In this post, I want to show you a few ways how you can save your datasets in R. Maybe, this seems like a dumb question to you. But after giving quite a few R courses mainly – but not only – for R beginners, I came to acknowledge that the answer to this question is not obvious and the different possibilites can be confusing. In this post, I want to give an overview over the different alternatives and also state my opinion which way is the best in which situation.

Why would you want to know that?

Well, there are quite a few tutorials out there on how to read data into R. RStudio even has a special button for this in the ‘Environment’ tab – it’s labelled ‘Import Dataset’. But there is no button and also fewer tutorials on saving data. That’s strange, isn’t it? If you import your data, you might do some (sometimes lengthy) manipulation, aggregation, selection and other stuff. If all that stuff takes several minutes (or even longer), you might not want to do it everytime you are working with the data. So, you might want to save your dataset at a stage that’s pre-analyses but post-processing (where ‘processing’ might include cleaning, manipulating, calculating new variables, merging, selecting, aggregating and lots of other stuff).

What are we going to do?

I will show you the following ways of saving or exporting your data from R:

  • Saving it as an R object with the functions save() and saveRDS()
  • Saving it as a CSV file with write.table() or fwrite()
  • Exporting it to an Excel file with WriteXLS()

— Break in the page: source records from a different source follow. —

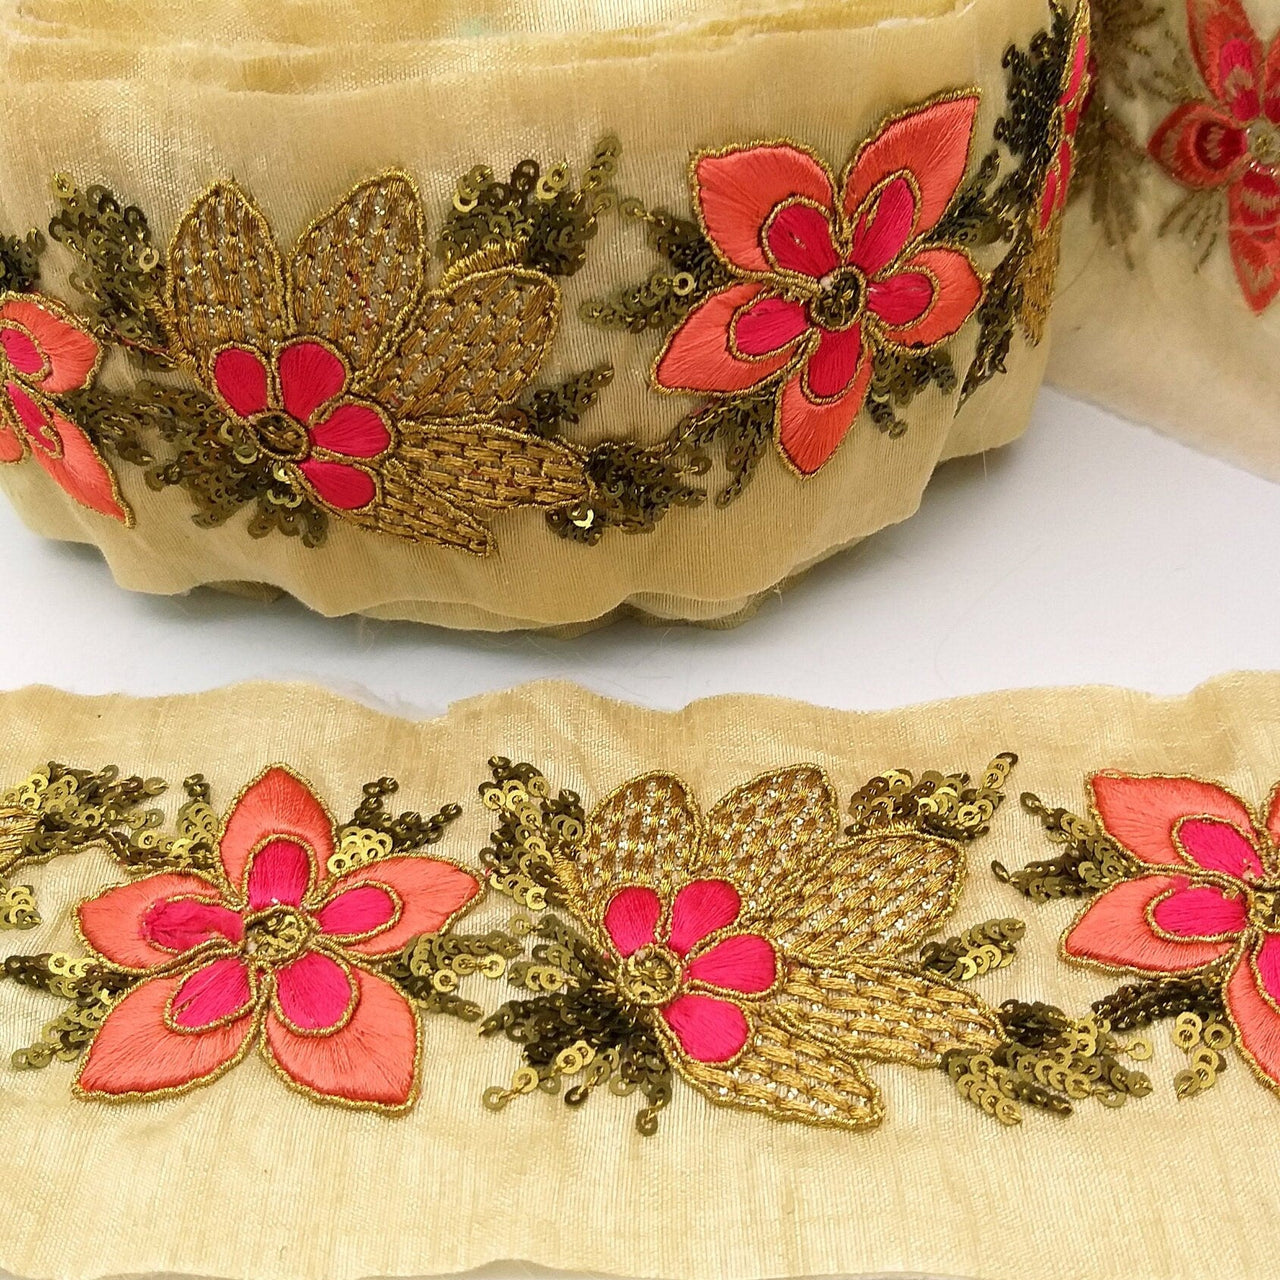 Beige Silk Fabric Trim, Peach, Pink & Gold Floral Embroidery Indian Sari Border Trim By Yard Decorative Trim Craft Lace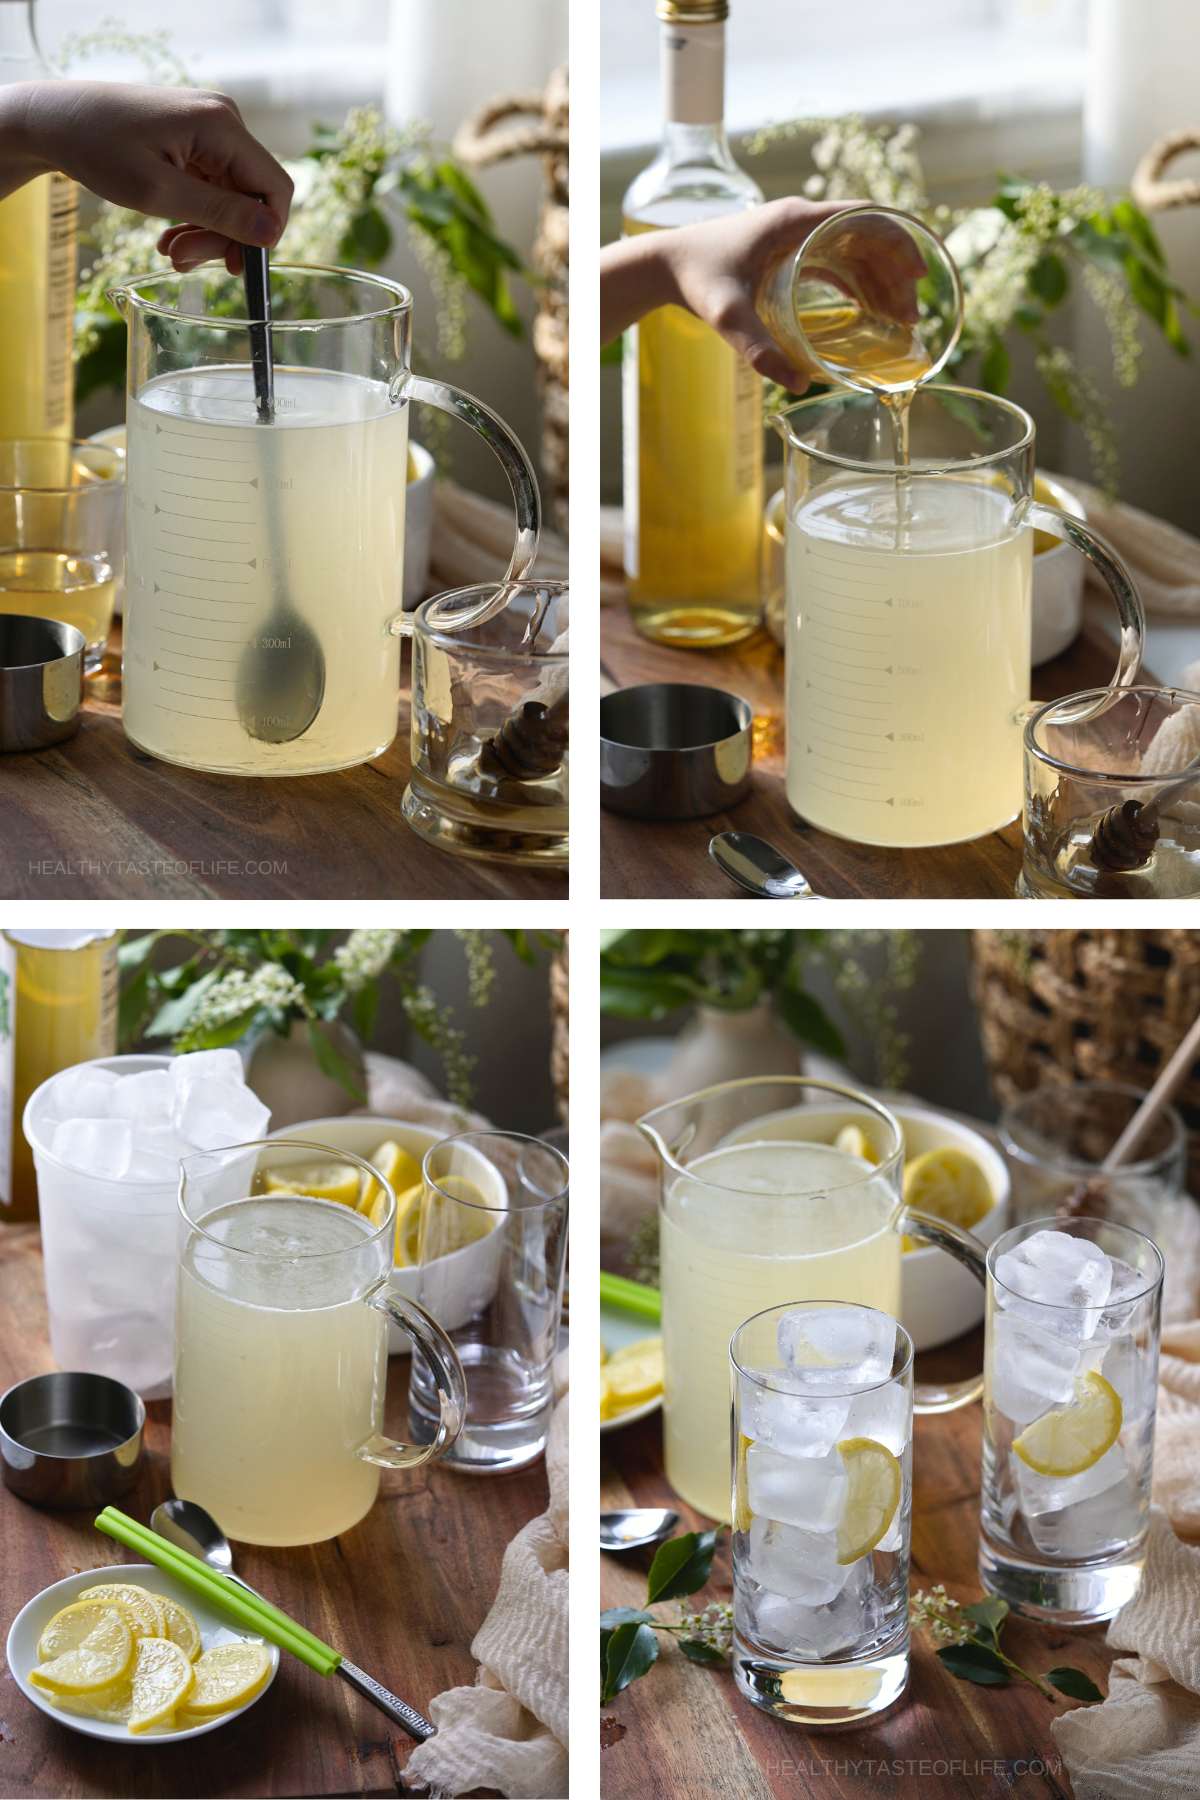 Step-by-step photos showing hot to make an elderflower lemonade.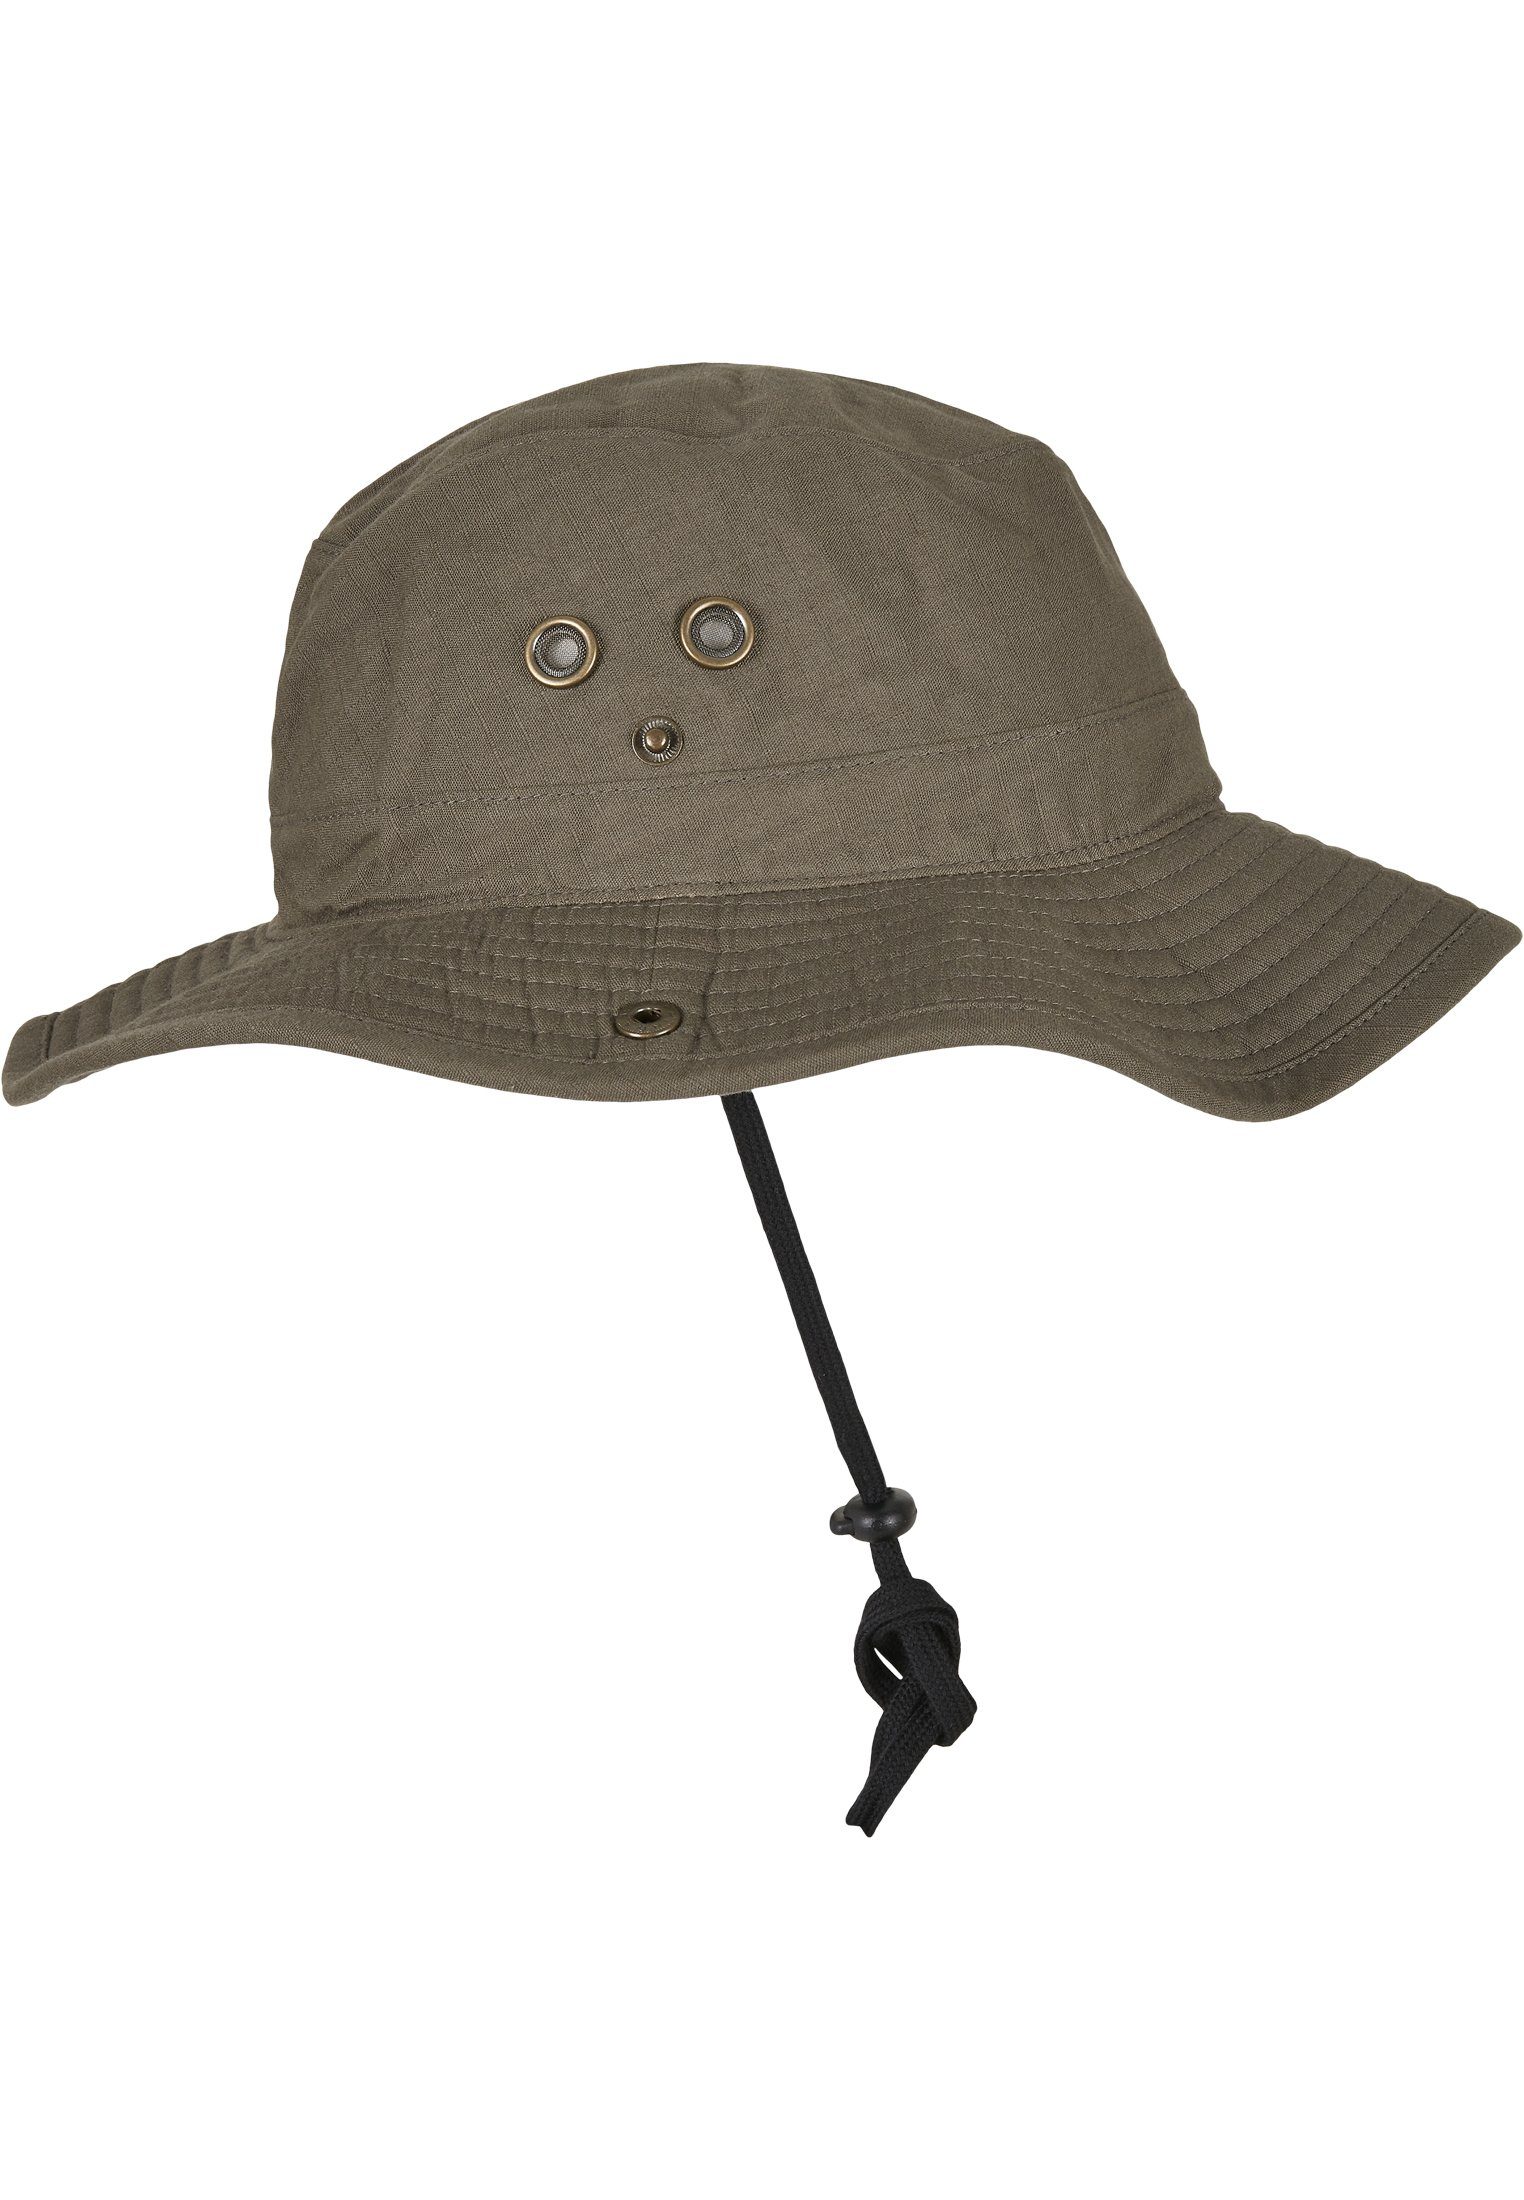 Flex Hat Flexfit darkolive Cap Angler

For me, these options cover at least 90% of the stuff I have to do at work. So I hope that it’ll work for you, too.

Preparation: Load some data

I will use some fairly (but not very) large dataset from the car package. The dataset is called MplsStops and holds information about stops made by the Minneapolis Police Department in 2017. Of course, you can access this dataset by installing and loading the car package and typing MplsStops. However, I want to simulate a more typical workflow here. Namely, loading a dataset from your disk (I will load it over the WWW). The dataset is also available from GitHub:

data <- read.table("https://vincentarelbundock.github.io/Rdatasets/csv/carData/MplsStops.csv",
                   sep = ",", header = T,
                   row.names = 1)
scroll_box(kable(head(data), row.names = F),
           width = "100%", height = "300px")
idNum date problem MDC citationIssued personSearch vehicleSearch preRace race gender lat long policePrecinct neighborhood
17-000003 2017-01-01 00:00:42 suspicious MDC NA NO NO Unknown Unknown Unknown 44.96662 -93.24646 1 Cedar Riverside
17-000007 2017-01-01 00:03:07 suspicious MDC NA NO NO Unknown Unknown Male 44.98045 -93.27134 1 Downtown West
17-000073 2017-01-01 00:23:15 traffic MDC NA NO NO Unknown White Female 44.94835 -93.27538 5 Whittier
17-000092 2017-01-01 00:33:48 suspicious MDC NA NO NO Unknown East African Male 44.94836 -93.28135 5 Whittier
17-000098 2017-01-01 00:37:58 traffic MDC NA NO NO Unknown White Female 44.97908 -93.26208 1 Downtown West
17-000111 2017-01-01 00:46:48 traffic MDC NA NO NO Unknown East African Male 44.98054 -93.26363 1 Downtown West

We now have a dataset with over 50,000 rows (you can scroll through the first 6 of them in the box above) and 14 variables in our global environment (the ‘workspace’). Just for the sake of simulating a real workflow, I will do some very light data manipulation. Here, I’m assigning a new column data$gender.not.known which is TRUE whenever data$gender is "Unknown" or NA.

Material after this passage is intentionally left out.